In the circumstances, we are of the view that the learned Judge fell into error when he concluded that the appellant failed to prove his case to the required standard.  In all probability the driver of the bus failed to keep any or a proper look out for oncoming or overtaking vehicles to avoid pulling out of the parking lot suddenly and thus colliding with motor vehicles registration numbers KZP 763 and KAB 053L. By failing to offer any evidence the proprietor and driver of bus registration number KAG 323H failed to discharge the onus placed on them to explain the absence of negligence on their part.

In this case the appellant established that he was in the 3rd respondent’s bus which was being driven by the 4th respondent. He just heard a bang and he was thrown off the seat, fell on the floor of the bus, and became unconscious due to the impact. He said he did not know how the bang occurred. The 2nd respondent in his defence blamed the 4th and 6th respondents for the accident. He was truthful. This then raises a presumption of negligence upon the said 4th respondent to require him to explain and show that he was not negligent.   The 3rd respondent, his employer would also be vicariously liable. Similarly the proprietor and driver of motor vehicle registration number KZP 763 (1st and 2ndrespondent) who have been blamed by the 2nd respondent as having been involved in this accident were placed at the scene of the accident and the presumption of negligence was on them to require them to offer an explanation to show its absence on their part. None of them offered such an explanation because they elected not to testify.

However,  Mr. Kagucia, learned counsel for the 5th and 6th respondents stated in his written submissions and in this Court that motor vehicle registration number KAB 053L was neither mentioned in the plaint nor in the police abstract. We find that to be so and in the circumstances, it is not clear to us how the proprietor and/or driver of that motor vehicle came to be involved in this case. In our view therefore, the case against the 5th and 6th respondents was properly dismissed by the learned Judge.
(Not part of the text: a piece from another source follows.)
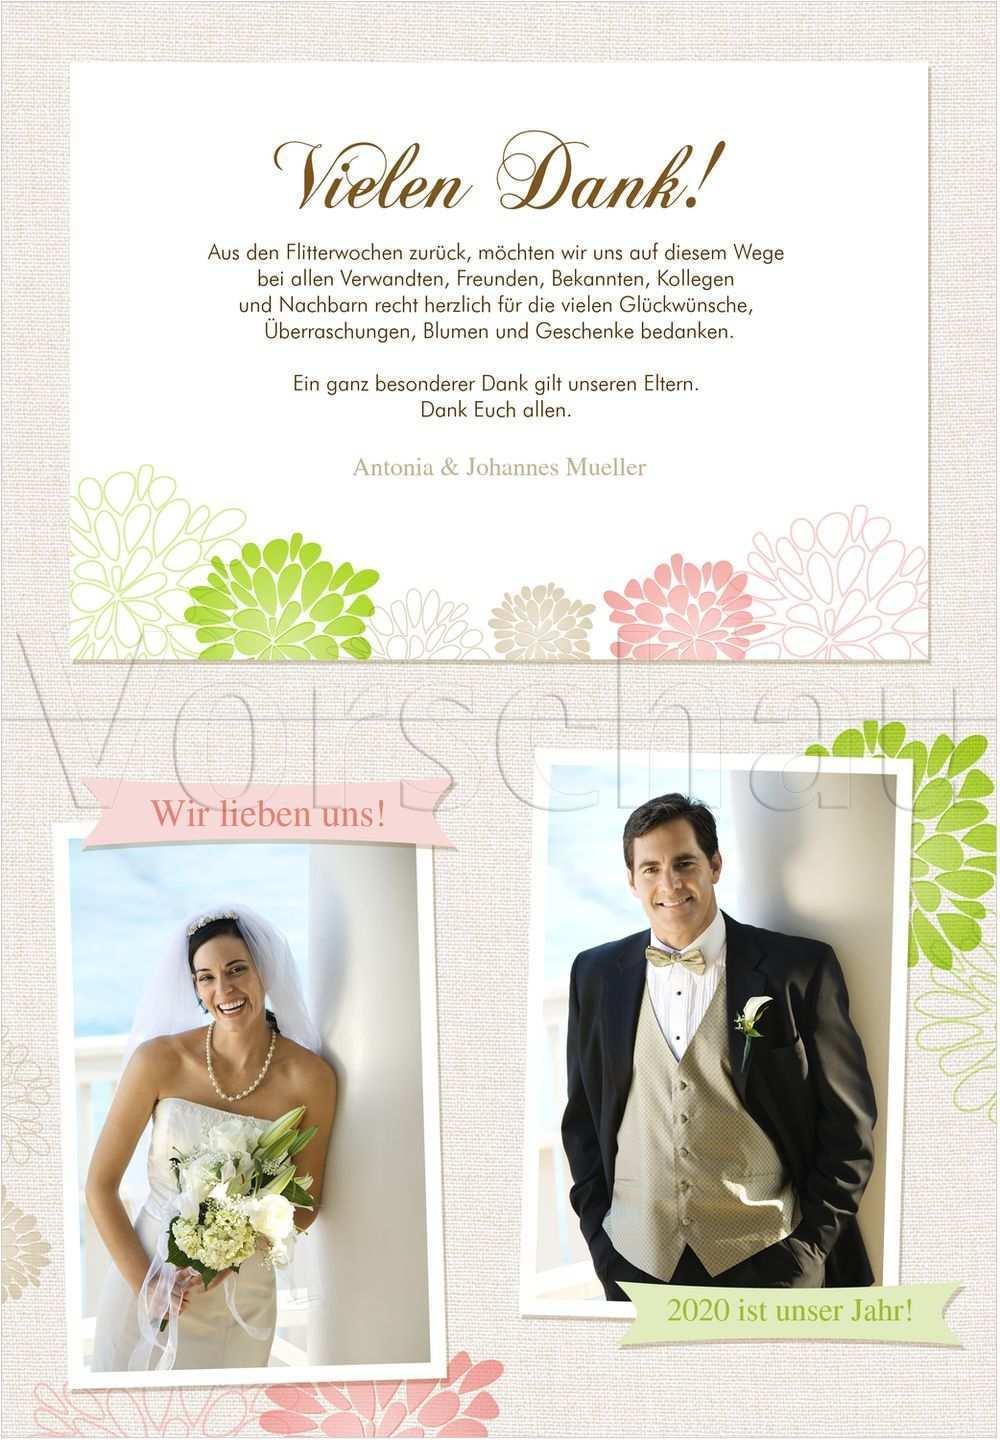 Bluhend Dankeskarten Hochzeit Dankes Karten Hochzeit Karte Hochzeit Danksagung Hochzeit
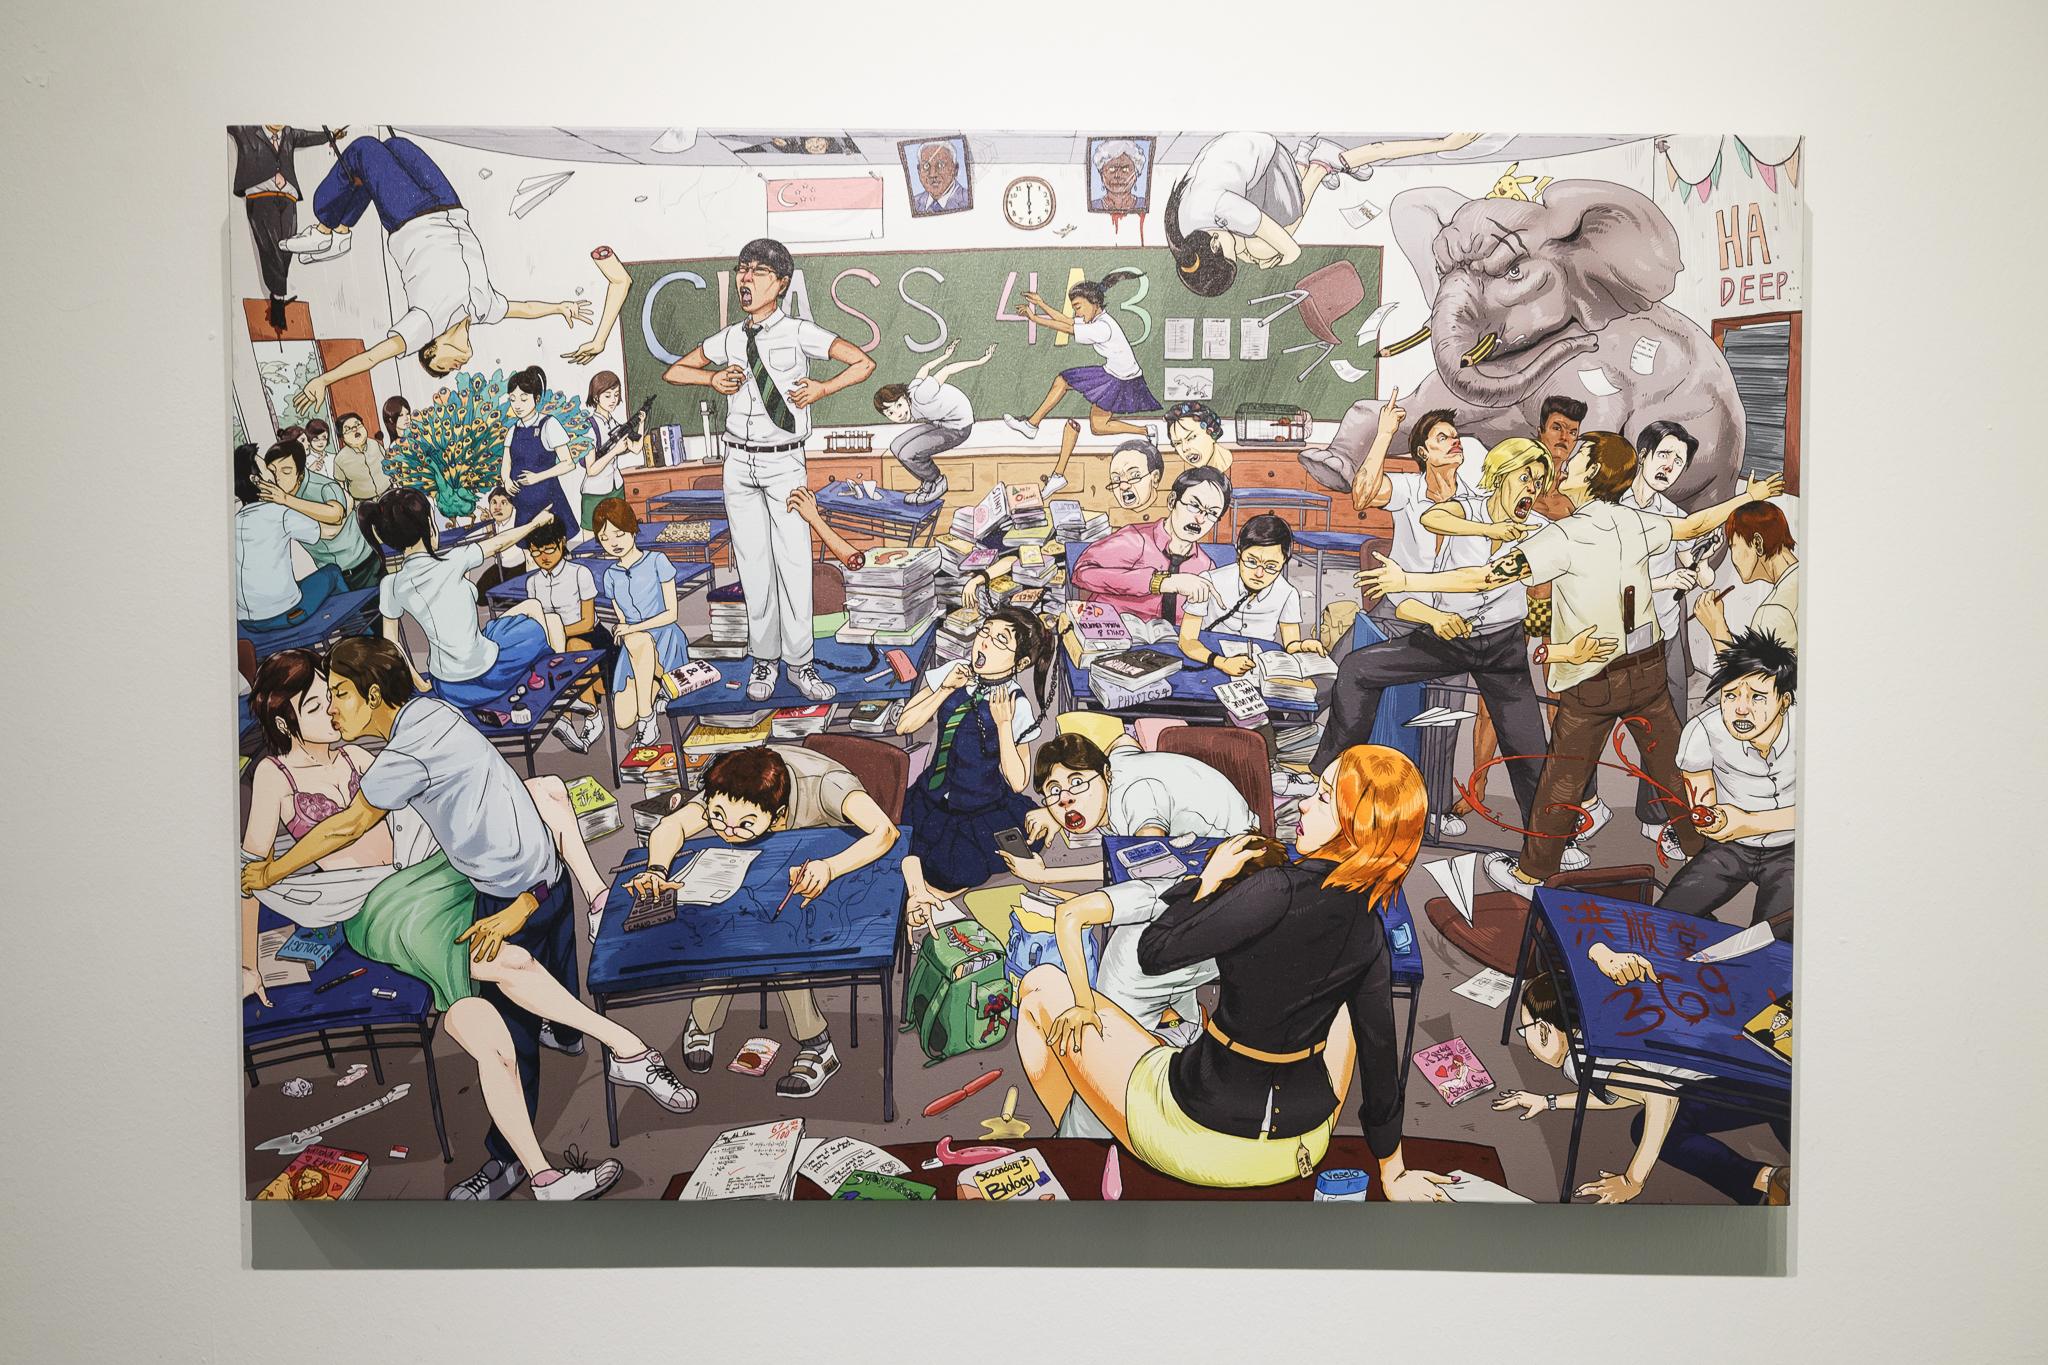 Dan Wong, Emmohee (MOE), 2013, Digital print on archival canvas

But in regard to the 1st, 2nd, 3rd and 4th respondents, the doctrine of res ipsa loquitur should have been applied to raise a rebuttable presumption of negligence against them and since they failed to rebut that presumption by failing to adduce evidence in defence, they should have been held liable for injuries the appellant sustained the accident.

The learned Judge of the High Court stated that if he had found for the appellant, which we have done, he would have  assessed both general and special damages, at Kshs.353,350/=. We do not disturb that finding and assessment as we have no proper basis for doing so.

In the circumstances, we allow the appeal as against the 1st, 2nd, 3rd and 4th respondents jointly and severally and award the appellant Kshs.353,350/= as assessed by the learned Judge. Costs of this appeal and the High Court case shall be paid to the appellant by the 1st, 2nd, 3rd and 4th respondents. It is so ordered.

Dated and delivered at Nakuru this 23rd day of February, 2011

S. E. O. BOSIRE

……………………….

JUDGE OF APPEAL

P. N. WAKI

……………………….

JUDGE OF APPEAL

D. K. S. AGANYANYA

……………………….

JUDGE OF APPEAL

I certify that this is atrue copy of the original.